Hsu Chen-Ming, Chen Chien-Yu, Liu Baw-Jhiune, Huang Chih-Chang, Laio Min-Hung, Lin Chien-Chieh, Wu Tzung-Lin
Department of Computer Science and Engineering, Yuan Ze University, Chung-Li, Taiwan, ROC.
BMC Bioinformatics. 2007 May 24;8 Suppl 5(Suppl 5):S8. doi: 10.1186/1471-2105-8-S5-S8.
Identification of protein interacting sites is an important task in computational molecular biology. As more and more protein sequences are deposited without available structural information, it is strongly desirable to predict protein binding regions by their sequences alone. This paper presents a pattern mining approach to tackle this problem. It is observed that a functional region of protein structures usually consists of several peptide segments linked with large wildcard regions. Thus, the proposed mining technology considers large irregular gaps when growing patterns, in order to find the residues that are simultaneously conserved but largely separated on the sequences. A derived pattern is called a cluster-like pattern since the discovered conserved residues are always grouped into several blocks, which each corresponds to a local conserved region on the protein sequence.
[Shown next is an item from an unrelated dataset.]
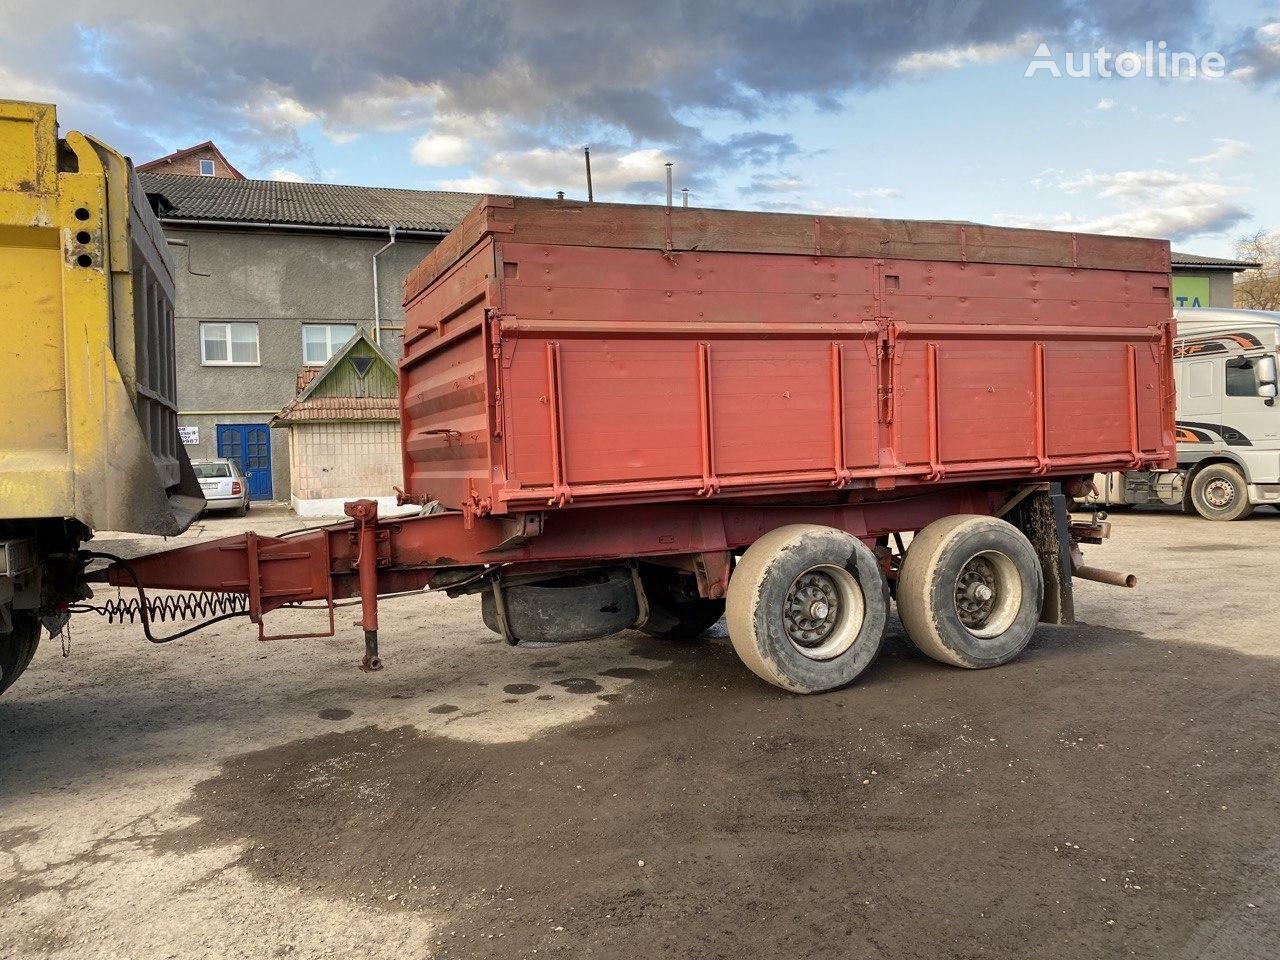 BLUMHARDT dump trailer

The experiments conducted in this work demonstrate that the derived long patterns automatically discover the important residues that form one or several hot regions of protein-protein interactions. The methodology is evaluated by conducting experiments on the web server MAGIIC-PRO based on a well known benchmark containing 220 protein chains from 72 distinct complexes. Among the tested 218 proteins, there are 900 sequential blocks discovered, 4.25 blocks per protein chain on average. About 92% of the derived blocks are observed to be clustered in space with at least one of the other blocks, and about 66% of the blocks are found to be near the interface of protein-protein interactions. It is summarized that for about 83% of the tested proteins, at least two interacting blocks can be discovered by this approach.
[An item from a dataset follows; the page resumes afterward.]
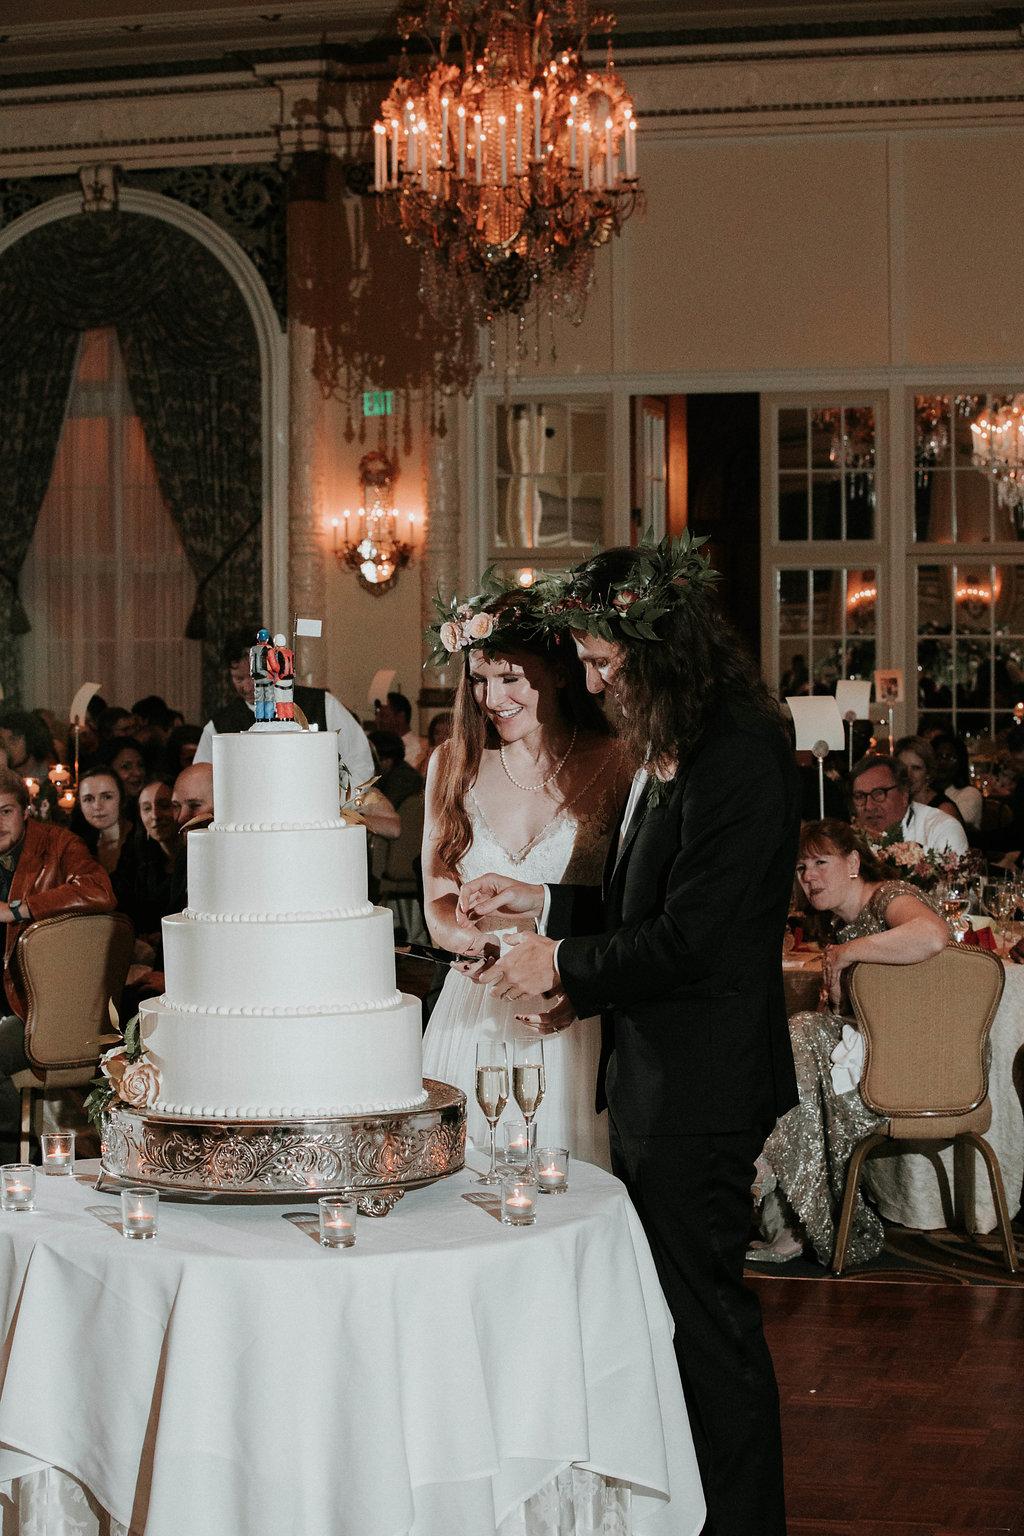 Fairmont Olympic Hotel Wedding Photos, Seattle Hotel Wedding by Adina Preston Photography

This work aims to demonstrate that the important residues associated with the interface of protein-protein interactions may be automatically discovered by sequential pattern mining. The detected regions possess high conservation and thus are considered as the computational hot regions. This information would be useful to characterizing protein sequences, predicting protein function, finding potential partners, and facilitating protein docking for drug discovery.
识别蛋白质相互作用位点是计算分子生物学中的一项重要任务。随着越来越多的蛋白质序列在没有可用结构信息的情况下被存入数据库,仅通过序列来预测蛋白质结合区域的需求变得极为迫切。本文提出了一种模式挖掘方法来解决这一问题。据观察,蛋白质结构的功能区域通常由几个肽段与大的通配符区域相连组成。因此,所提出的挖掘技术在模式增长时考虑大的不规则间隙,以便找到在序列上同时保守但在很大程度上分隔开的残基。由于发现的保守残基总是被分组为几个块,每个块对应于蛋白质序列上的一个局部保守区域,所以导出的模式被称为类簇模式。
在这项工作中进行的实验表明,导出的长模式自动发现了形成蛋白质 - 蛋白质相互作用的一个或几个热点区域的重要残基。基于包含来自72个不同复合物的220条蛋白质链的著名基准,在网络服务器MAGIIC - PRO上进行实验对该方法进行了评估。在所测试的218种蛋白质中,共发现900个连续块,平均每条蛋白质链有4.25个块。观察到约92%的导出块在空间上与至少一个其他块聚集在一起,并且约66%的块位于蛋白质 - 蛋白质相互作用的界面附近。总结得出,对于约83%的测试蛋白质,通过这种方法至少可以发现两个相互作用块。
这项工作旨在证明通过序列模式挖掘可以自动发现与蛋白质 - 蛋白质相互作用界面相关的重要残基。检测到的区域具有高度保守性,因此被视为计算热点区域。这些信息对于表征蛋白质序列、预测蛋白质功能、寻找潜在伙伴以及促进用于药物发现的蛋白质对接将是有用的。